Inibaru.id – Istilah “tiji tibeh” pasti sudah nggak asing di telinga masyarakat yang tinggal di Karesidenan Surakarta. Itu adalah prinsip hidup yang dipegang kuat oleh Pangeran Sambernyowo atau penguasa pertama Mangkunegaran.
Baru-baru ini, dengan maksud mengusung kearifan lokal, Kapolres Wonogiri AKBP Andi Muhammad Indra Waspada Amirullah merumuskan konsep kerja bernama Wonogiri SUPER yang merupakan kepanjangan dari Santun, Unggul, Prediktif, Empati, dan Religius. Wonogiri SUPER itu dijalankan dengan landasan filosofi tiji tibeh.
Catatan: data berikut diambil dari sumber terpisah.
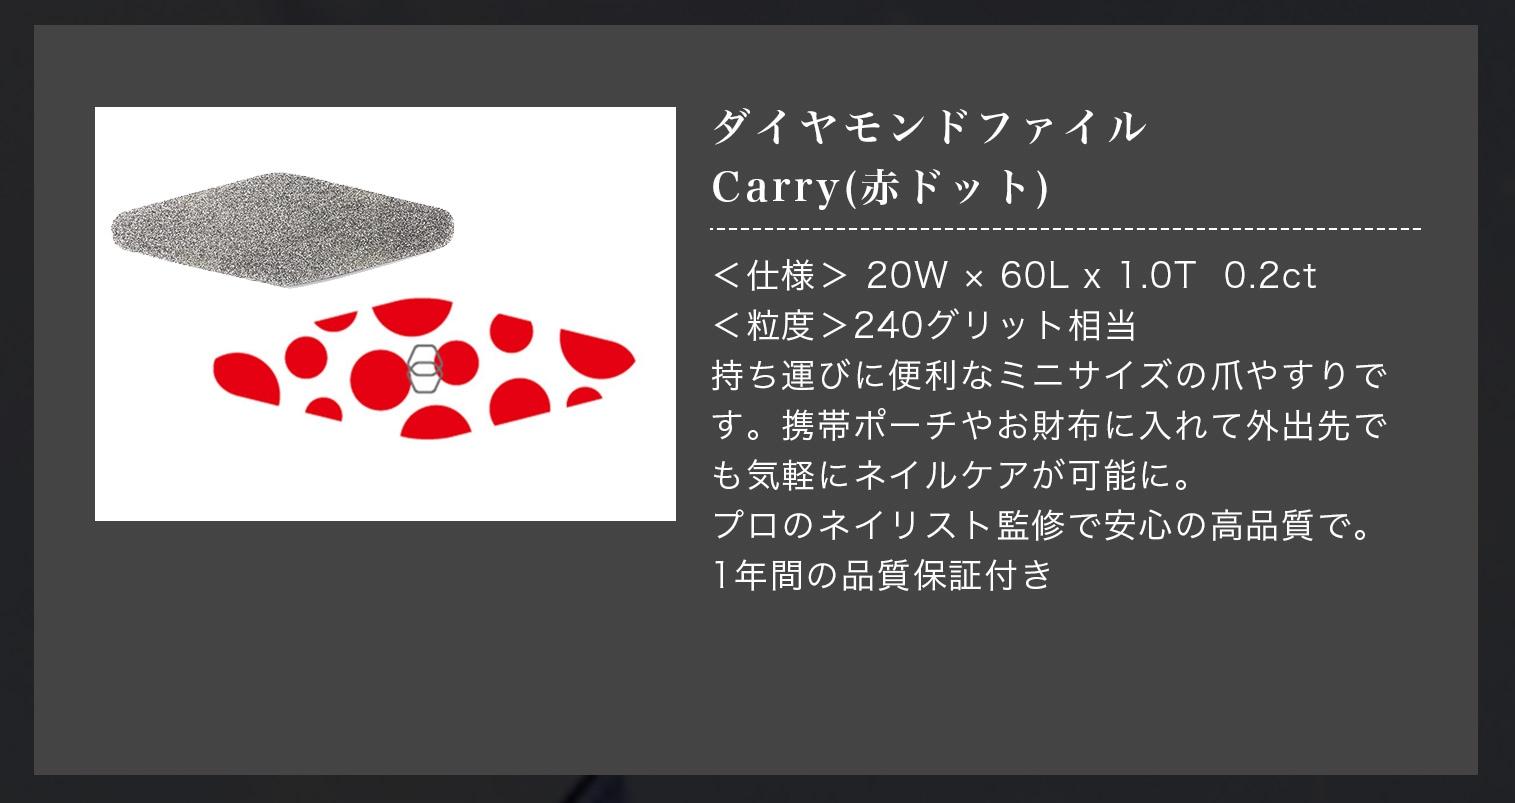 ダイヤモンドファイルCarry(赤ドット)<仕様> 20W × 60L x 1.0T  0.2ct<粒度>240グリット相当持ち運びに便利なミニサイズの爪やすりです。携帯ポーチやお財布に入れて外出先でも気軽にネイルケアが可能に。プロのネイリスト監修で安心の高品質で。1年間の品質保証付き
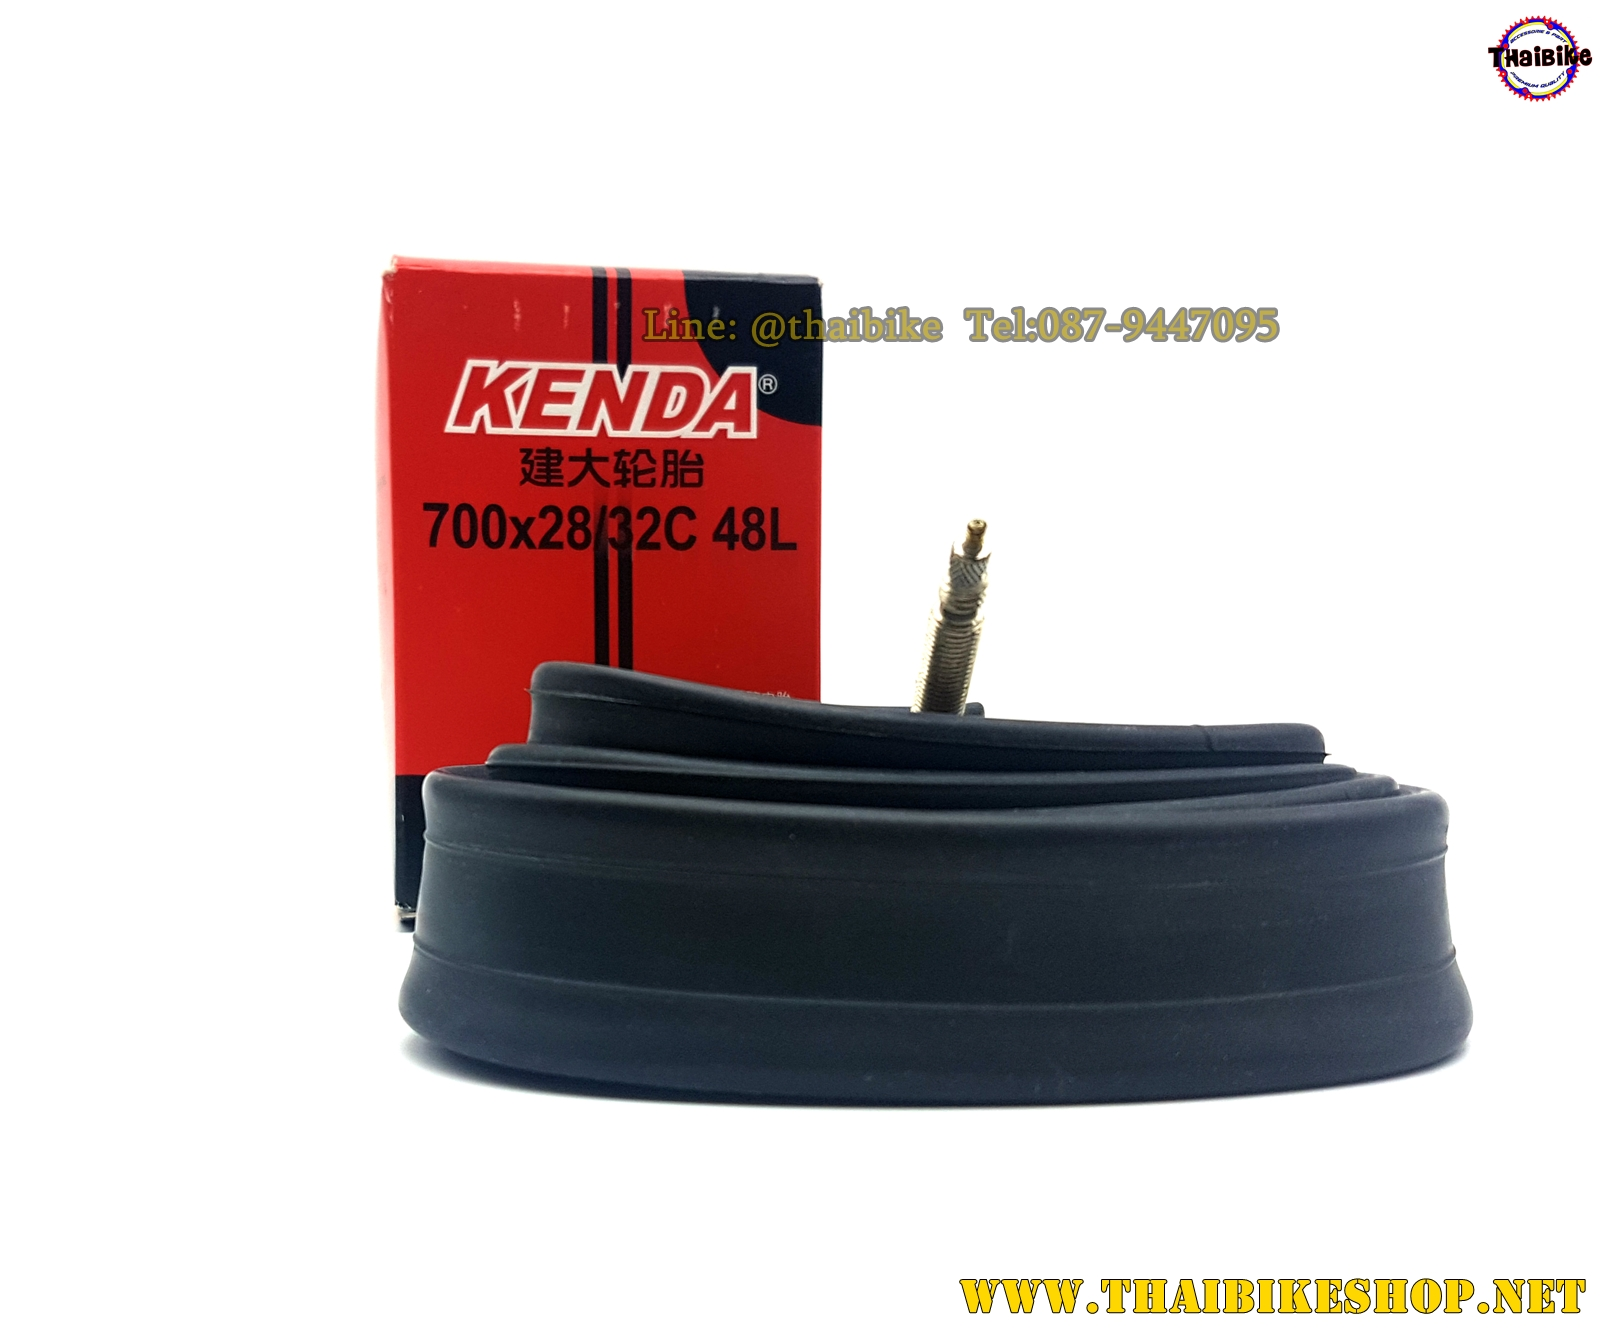 ยางใน KENDA 700X28/32C 48L จุ๊บเล็ก

Tiji Tibeh adalah ajaran Pangeran Sambernyawa yang berarti 'Mati Siji Mati Kabeh, Mukti Siji Mukti Kabeh'. Prinsip tersebut mengajarkan semangat kebersamaan antara pemimpin dan bawahannya.
“Wonogiri SUPER dirumuskan untuk penguatan internal, agar Polres Wonogiri memiliki fondasi yang kuat. Sehingga, pelaksanaan kegiatan tugas Polri dalam melindungi, mengayomi, dan melayani masyarakat serta penegakan hukum bisa dilaksanakan secara maksimal," kata Indra di Mapolres Wonogiri, Senin (30/1/2023).
Siapakah Pangeran Sambernyowo?
Pangeran Sambernyowo atau RM Said adalah sosok pemberontak yang ditakuti di era kepemimpinan Paku Buwono (PB) II di Kerajaan Mataram Islam. Bersama pasukannya, Pangeran Sambernyowo bertahun-tahun memerangi Belanda dan Mataram.
Pemberontakan itu berakhir pada 17 Maret 1757 dengan Perjanjian Salatiga antara RM Said dengan PB III yang membagi wilayah Kerajaan Mataram untuk kali kedua setelah Perjanjian Giyanti dua tahun sebelumnya. RM Said mendapat wilayah kemudian diberi nama Kadipaten Mangkunegaran dan menjadi Mangkunagoro I.
Makna Tiji Tibeh
Filosofi hidup tiji tibeh melekat kuat dan selalu diterapkan oleh Pangeran Sambernyowo dalam berhubungan dengan para prajuritnya. Salah satu buktinya adalah pada saat peperangan di hutan Sitakrepyak tahun 1756.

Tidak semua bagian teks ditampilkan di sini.